From: "Karlsson, Magnus" <magnus.karlsson@intel.com>
To: Jesper Dangaard Brouer <jbrouer@redhat.com>,
"Desouza, Ederson" <ederson.desouza@intel.com>
Cc: "brouer@redhat.com" <brouer@redhat.com>,
"xdp-hints@xdp-project.net" <xdp-hints@xdp-project.net>,
Eelco Chaudron <echaudro@redhat.com>,
Andrii Nakryiko <andrii@kernel.org>,
"Fijalkowski, Maciej" <maciej.fijalkowski@intel.com>,
"Burakov, Anatoly" <anatoly.burakov@intel.com>
Subject: [xdp-hints] Re: XDP-hints via local BTF info
Date: Wed, 17 Nov 2021 20:07:12 +0000 [thread overview]
Message-ID: <MW3PR11MB4602E58178E7419934505308F79A9@MW3PR11MB4602.namprd11.prod.outlook.com> (raw)
In-Reply-To: <f2ea5784-c5b0-e7b8-422e-a677ff10589a@redhat.com>
> -----Original Message-----
> From: Jesper Dangaard Brouer <jbrouer@redhat.com>
> Sent: Wednesday, November 17, 2021 6:23 PM
> To: Desouza, Ederson <ederson.desouza@intel.com>
> Cc: brouer@redhat.com; xdp-hints@xdp-project.net; Eelco Chaudron
> <echaudro@redhat.com>; Andrii Nakryiko <andrii@kernel.org>
> Subject: [xdp-hints] XDP-hints via local BTF info
>
> Hi Ederson and others,
>
> I've coded up an XDP + AF_XDP application[1] that creates and shares XDP-
> hints via BTF from XDP-prog to AF_XDP.
>
> As explained in README[2] file, API for decoding the BTF data-structures in
> userspace have been placed into separate files lib_xsk_extend.c and
> lib_xsk_extend.h.
> The API is based on what Ederson proposed[3], but I have heavily modified
> the API while using it in the AF_XDP app. I've kept the hashmap optimization
> for now, but ended-up not using it... so I will propose removing it(?).
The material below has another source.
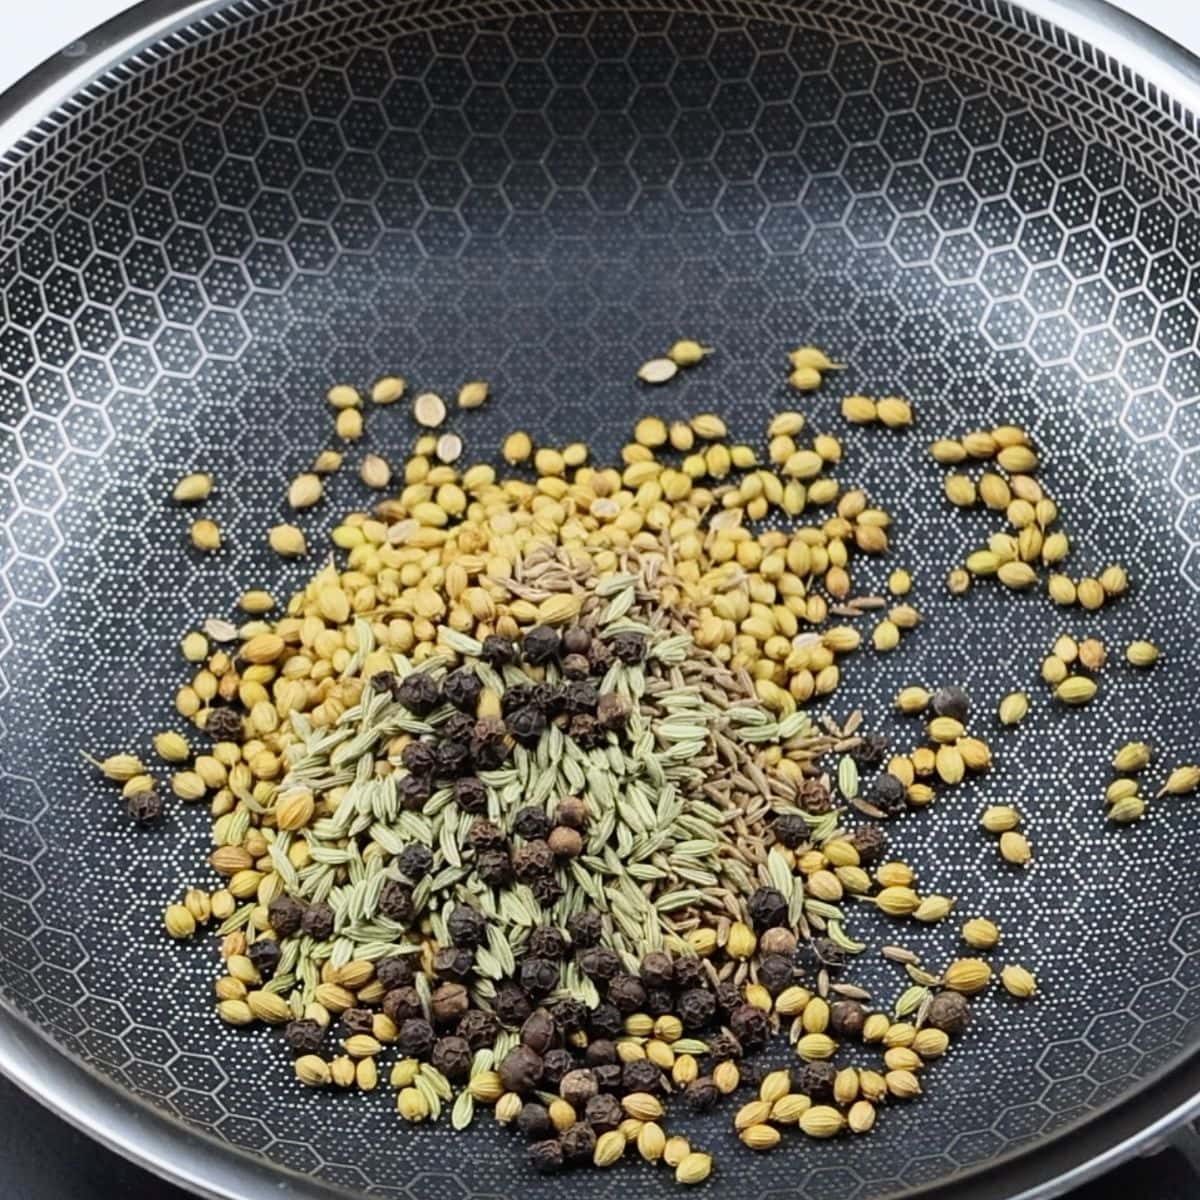 Roast the spices in a pan
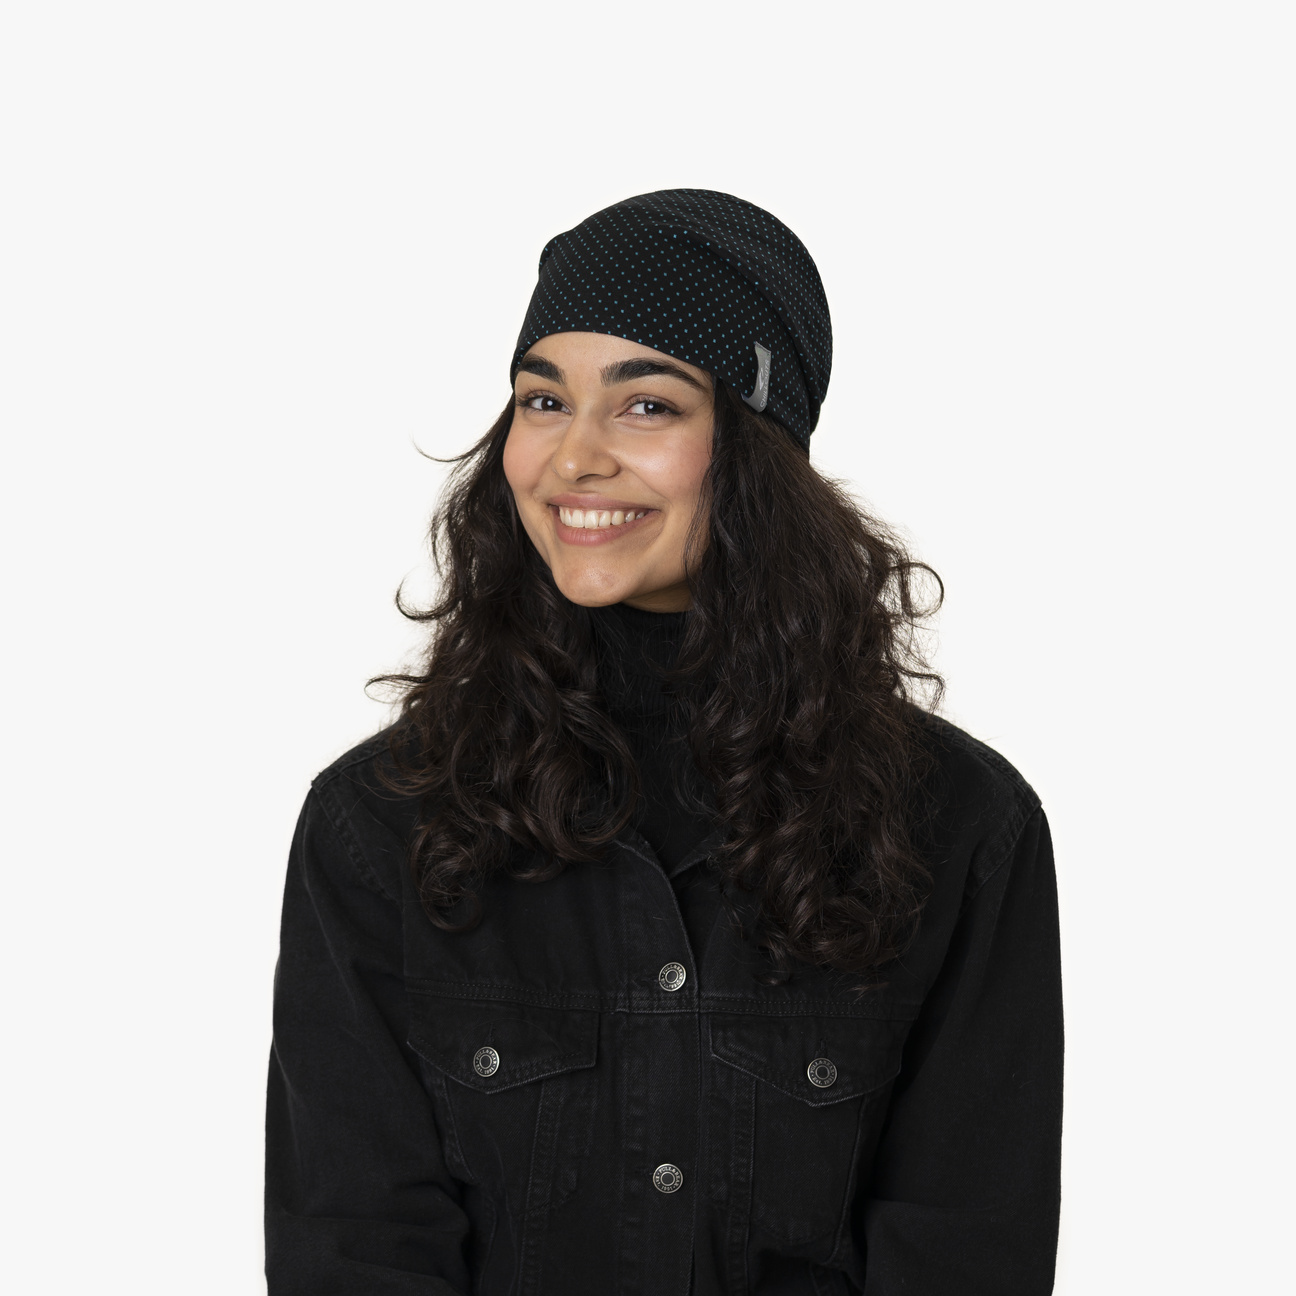 Florence Oversize Beanie by Chillouts - 24,95 €

> My hope is we can discuss and mature the API together, before proposing
> the API to be included in either libbpf or libxdp.
>
> Notice no kernel changes required. Everything works today with what BTF
> info are provided in the BPF ELF-object file.
> Later, we want to extend the NIC drivers with the same kind of BTF info that
> describe the metadata area (our XDP-hints). For now, AF_XDP userspace will
> instead get the BTF-info from decoding the ELF-object file. Thus, for now the
> XDP BPF-prog will be the creator/provider of the XDP-hints layout.
>
> The requirement for being a valid XDP-hints data-struct is that the last
> member in the struct is named "btf_id" and have size 4 bytes (32-bit).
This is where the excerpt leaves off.